=== Begin Enclosure ===

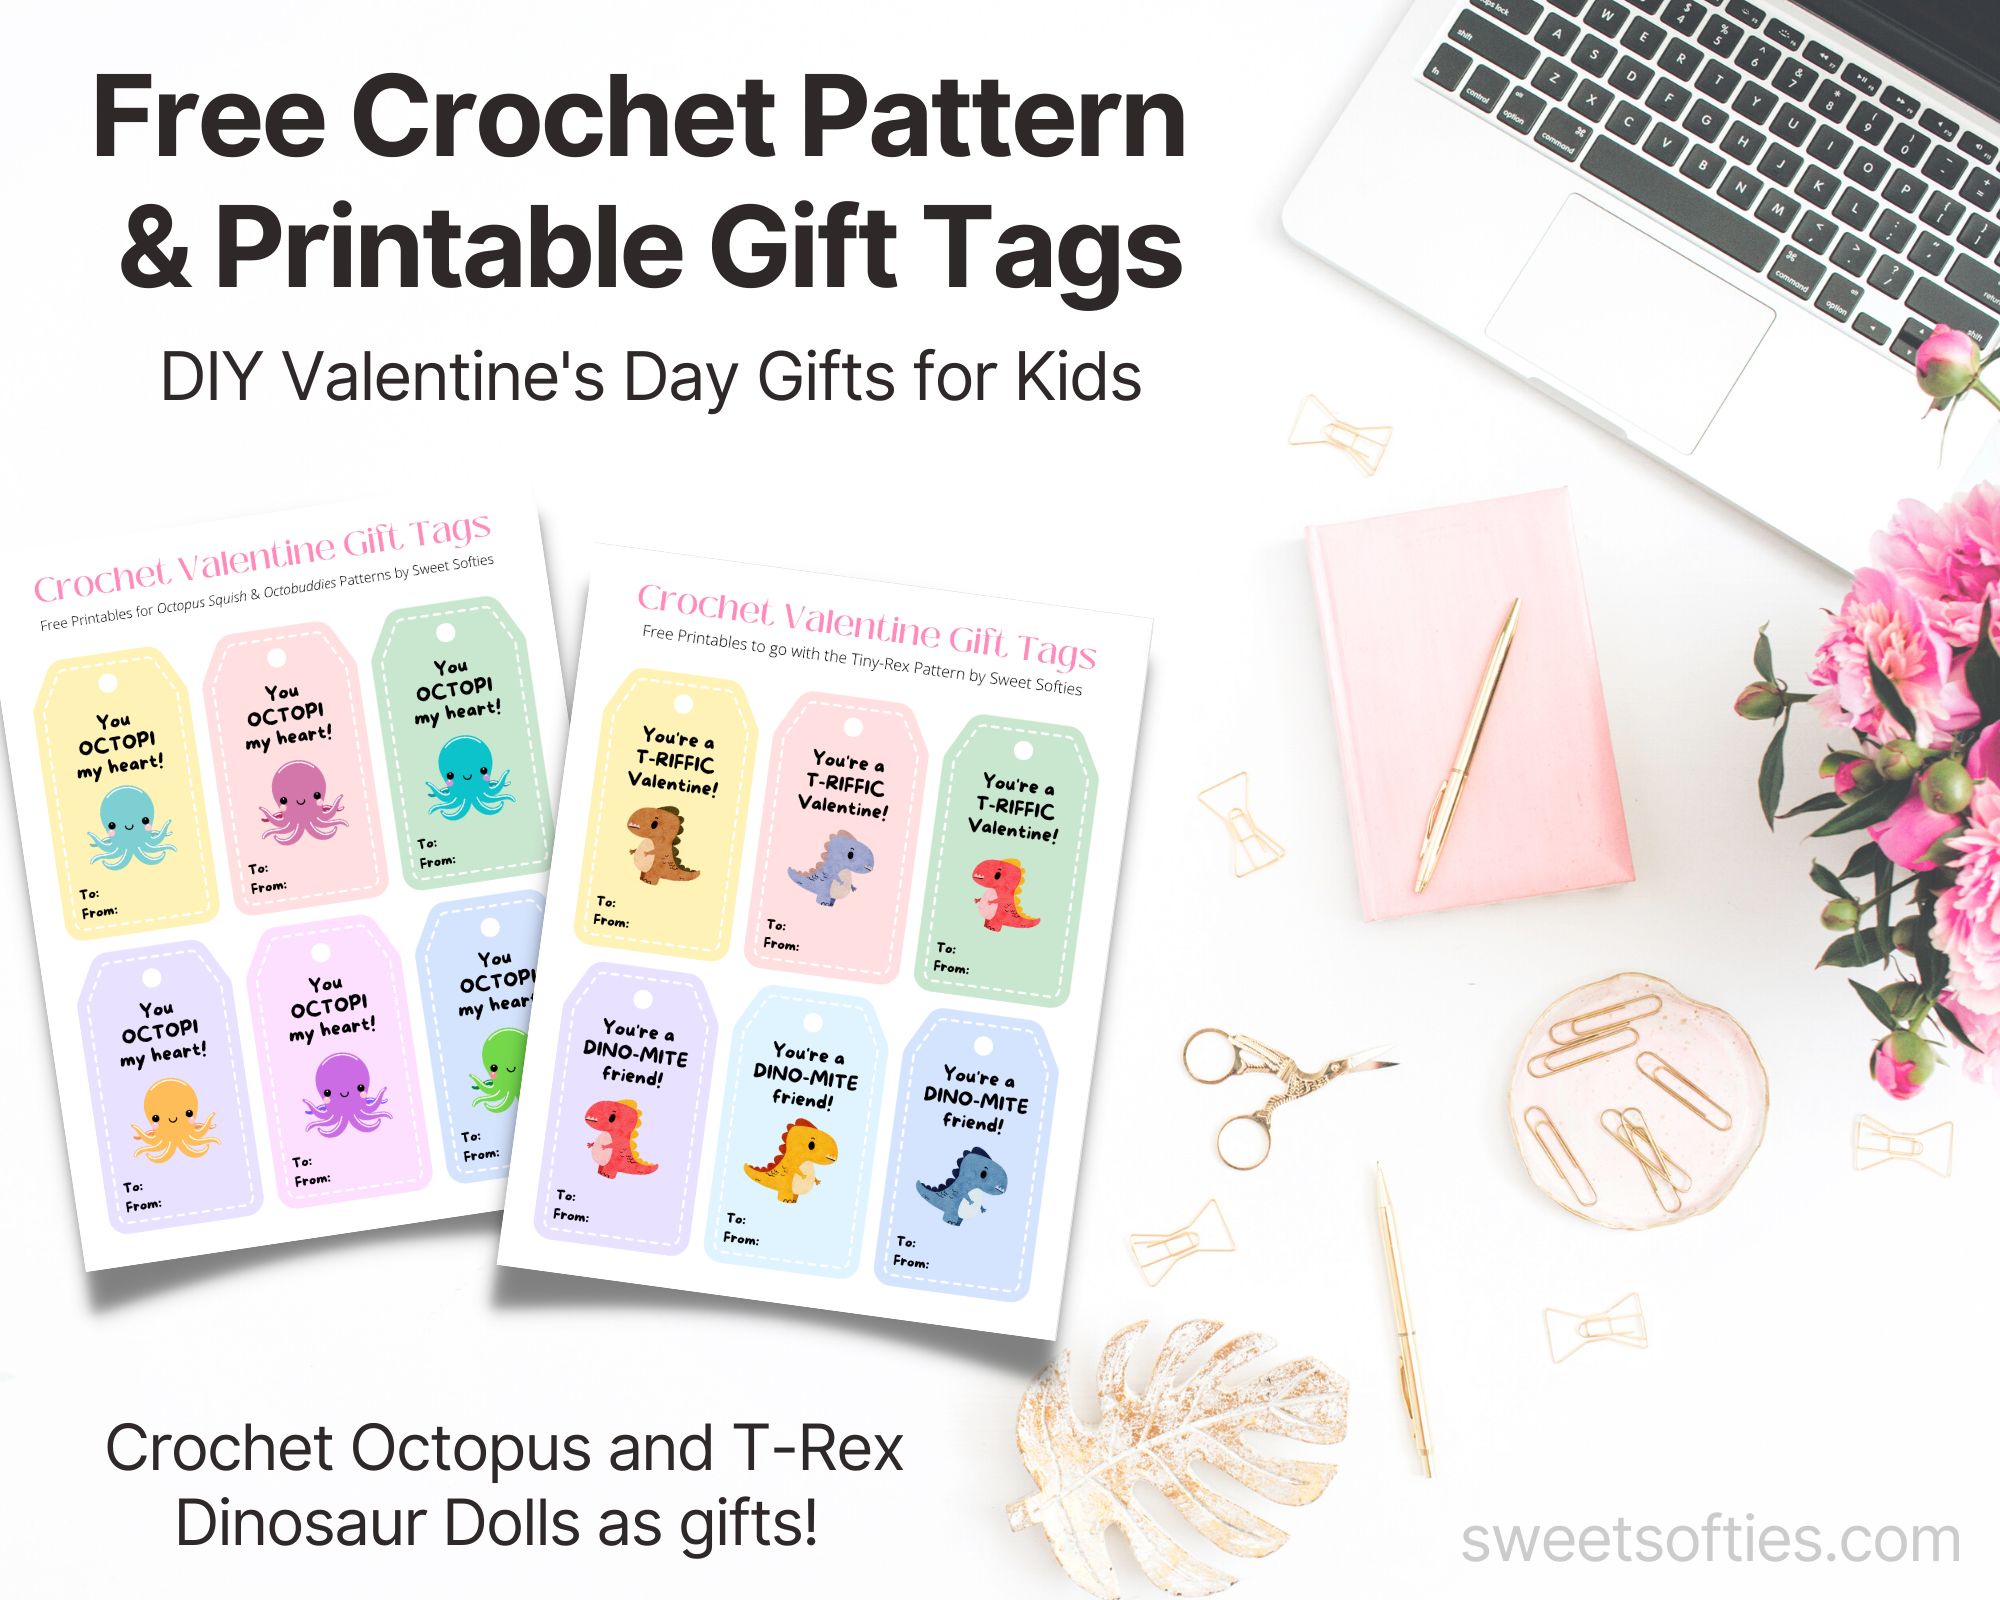 Lola Hair Clip · Easy & Free Crochet Pattern - Sweet Softies
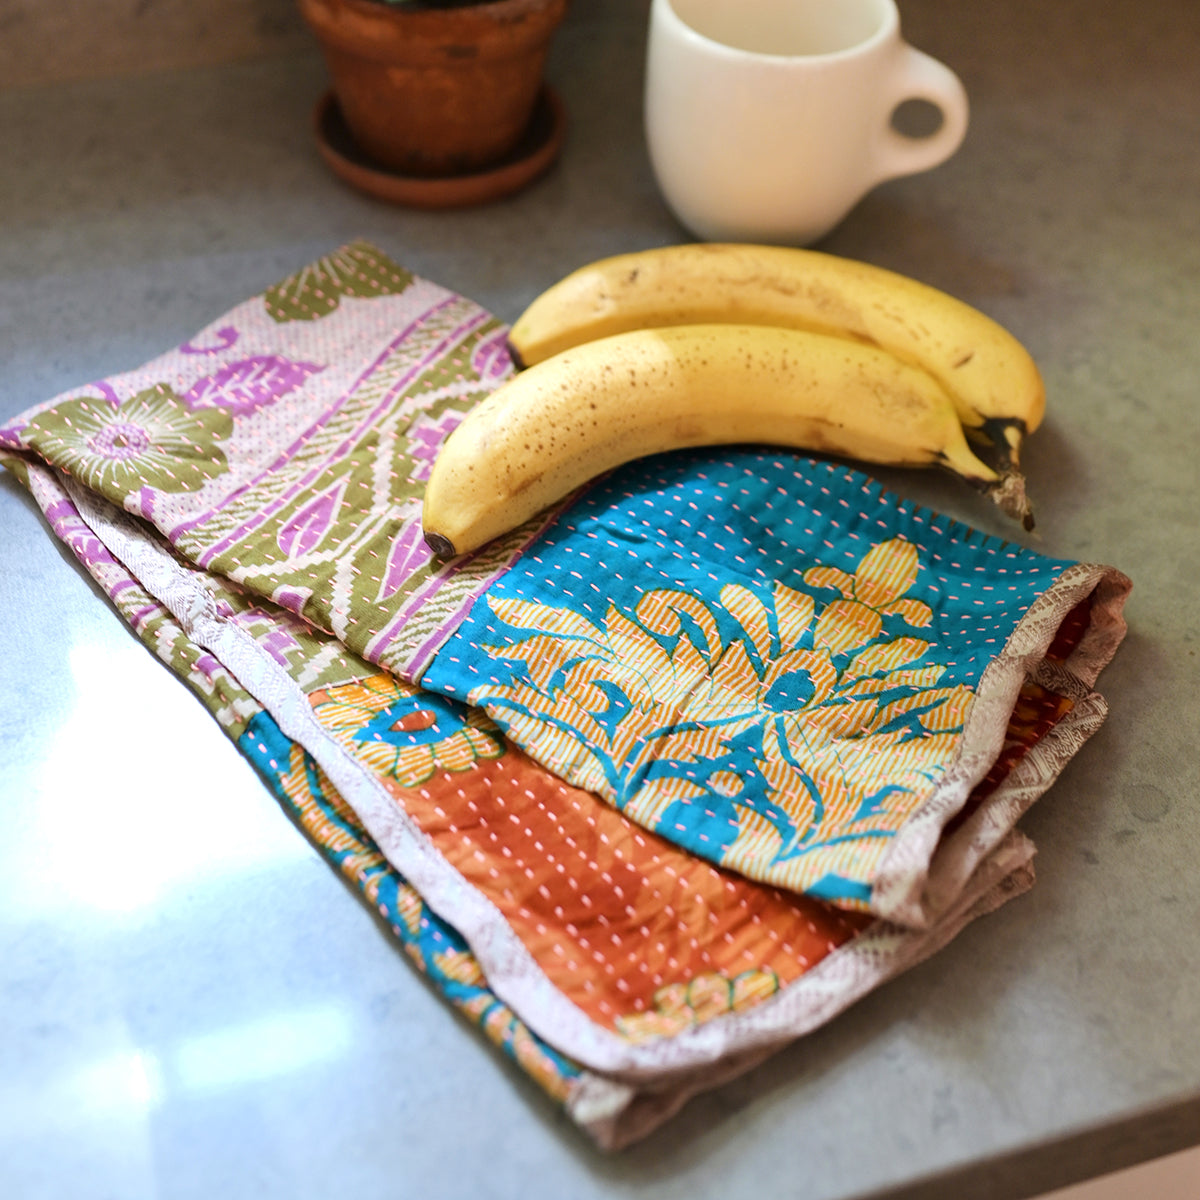 A banana rests on a Sari Home Tea Towel.
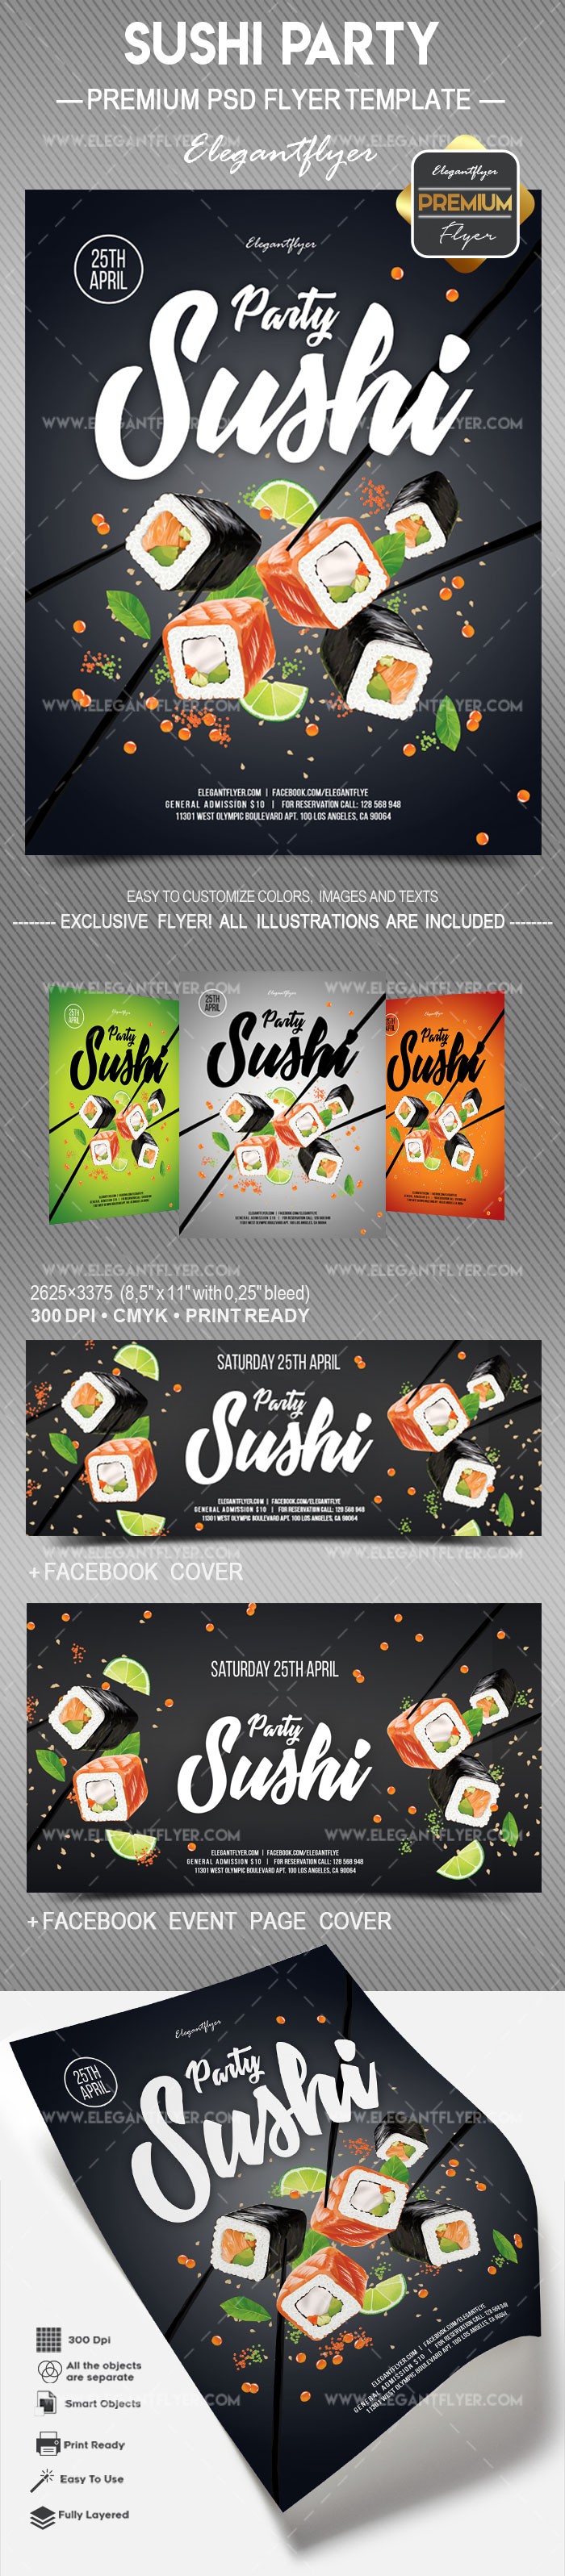 Sushi Party by ElegantFlyer
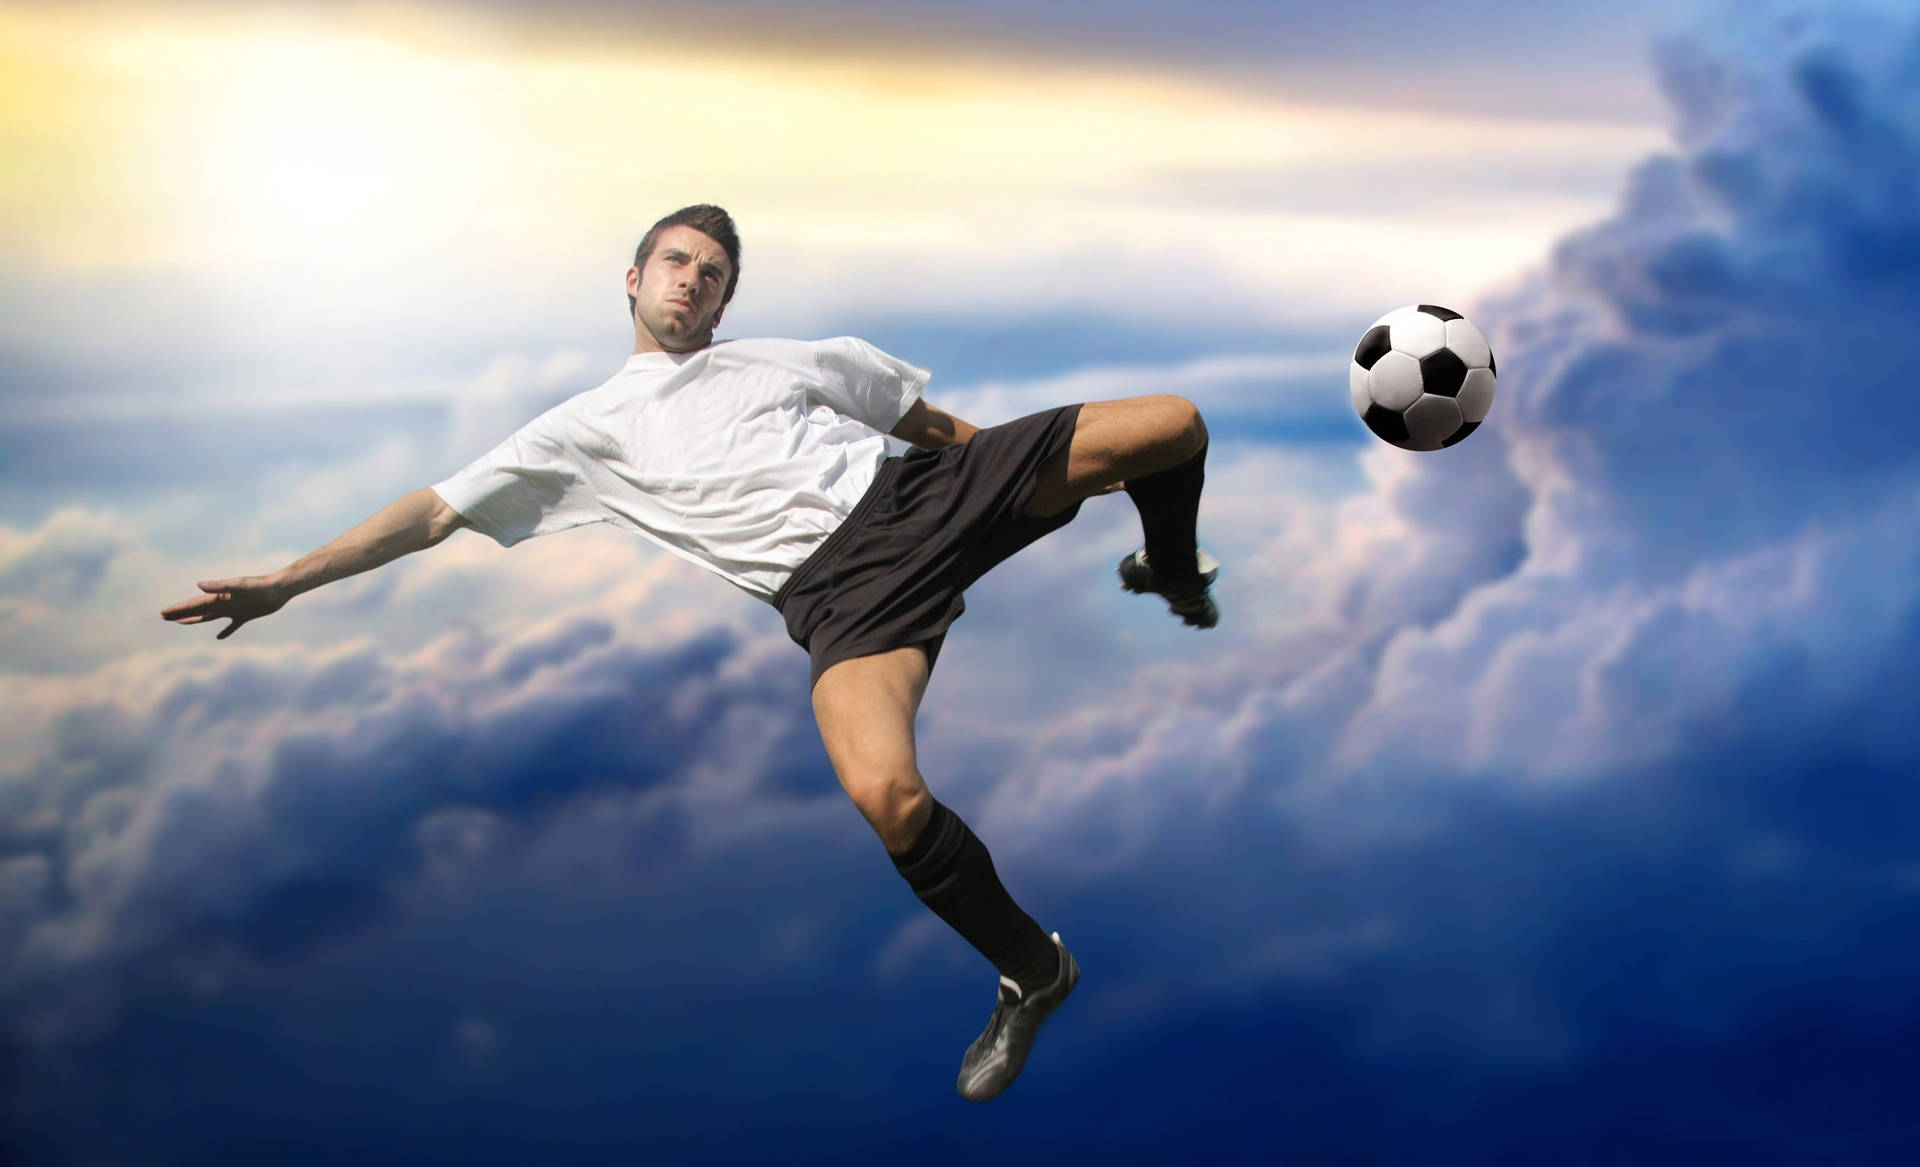 Cool Soccer Kick Illustration Wallpaper

=== End Enclosure ===

— Work task —
Every line of the listing is to be repeated exactly, and the pictures are to be dropped.

— Result —
 Lola Hair Clip · Easy & Free Crochet Pattern - Sweet Softies
 A banana rests on a Sari Home Tea Towel.
 Sushi Party by ElegantFlyer
 Cool Soccer Kick Illustration Wallpaper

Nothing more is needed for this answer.